The order said that in 2007 he “caused the bank to pay for expensive hand-blown Italian glassware (i.e., flutes, tumblers, stemware, and carafes), which he retained for his personal use. In addition, during 2006 and 2007, [Morales] caused the bank to pay for numerous personal charges incurred by his wife and children at a local golf club.”

Morales, who repaid the bank $60,525, was found to have “engaged in unsafe or unsound practices, breached his fiduciary duty to the bank, and engaged in a pattern of misconduct resulting in pecuniary gain or other benefit to himself.”

The OCC let Morales pay on the installment plan — $5,000 this month and $2,500 quarterly payments over the coming two years. He promised to comply with banking regulations in the future and to tell any bank that is considering hiring him about the settlement with regulators.

Vineyard failed in July 2009, brought down by its extensive lending to residential developers and builders, at a cost of $470 million to the Federal Deposit Insurance Fund.
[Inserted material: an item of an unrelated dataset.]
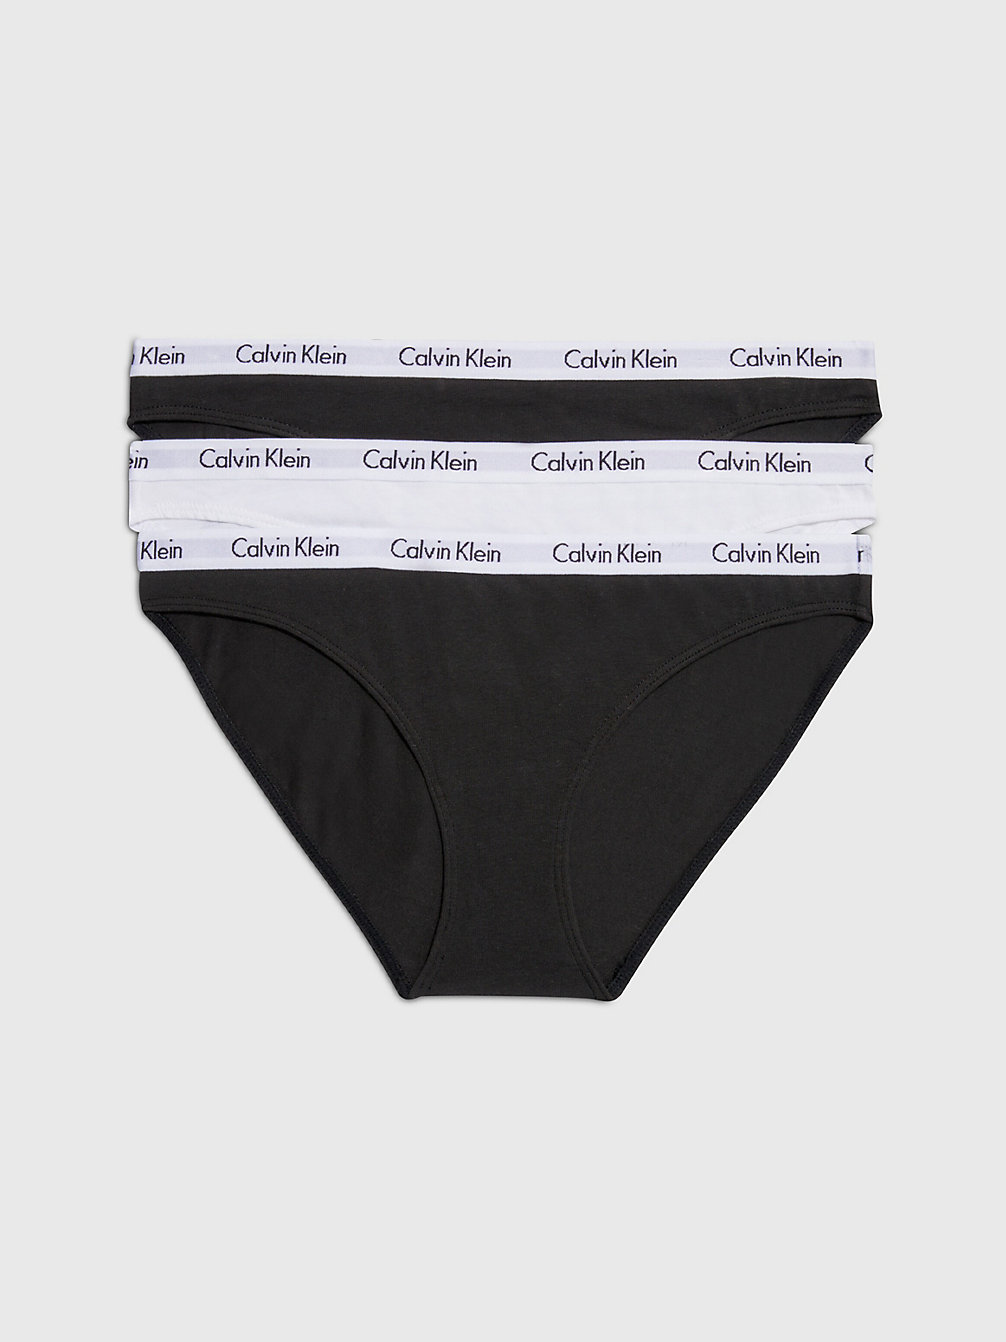 BLACK/WHITE/BLACK 3-Pack Bikini Slips - Carousel undefined dames Calvin Klein
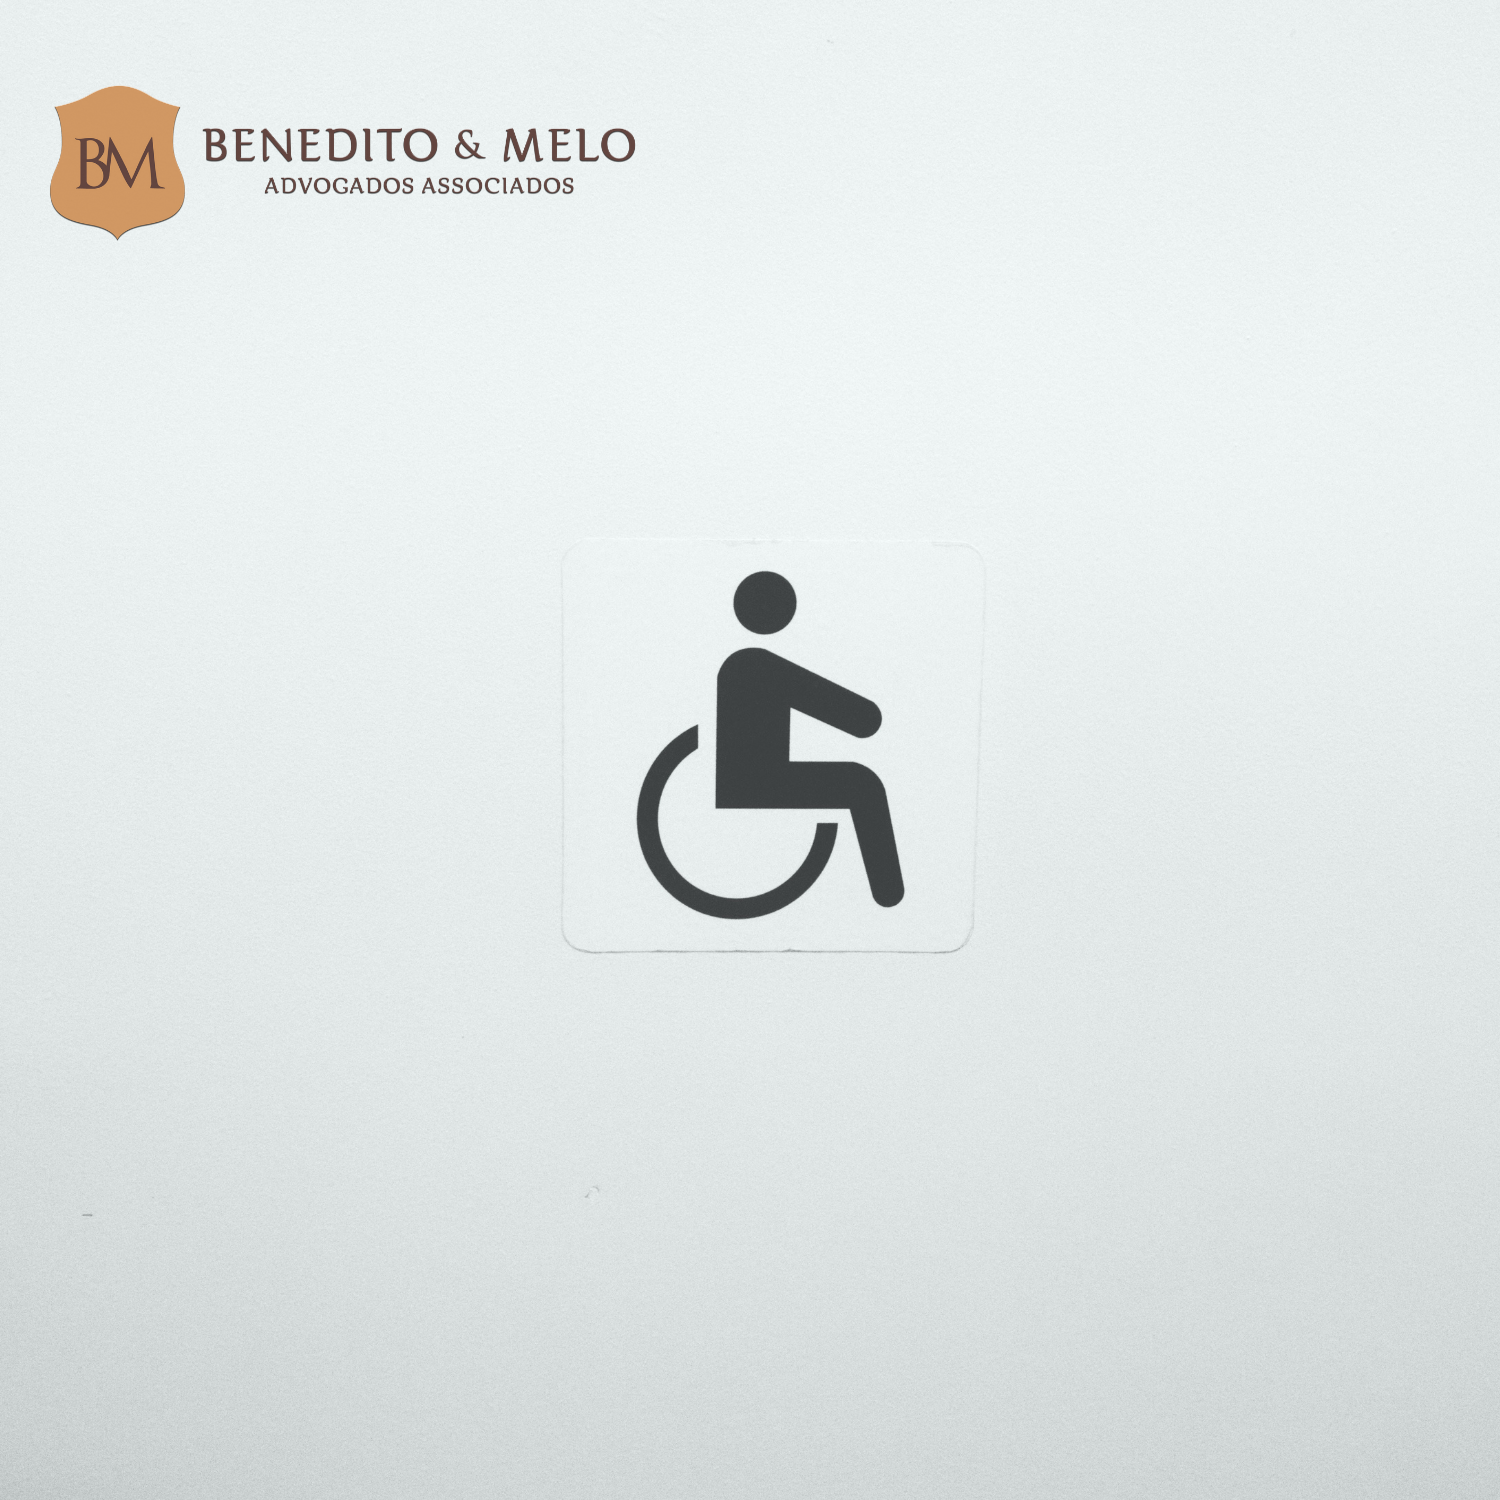 Bancária de São Paulo tem jornada reduzida para cuidar de filho com deficiência

It was taken over by California Bank & Trust.

Mozilo’s settlement with the Securities and Exchange Commission last year included a $22.5-million fine that came out of his pocket and repayment to former Countrywide Financial Corp. shareholders of $45 million in what the government said were ill-gotten gains. The latter payment was covered by Bank of America Corp., which had acquired Countrywide.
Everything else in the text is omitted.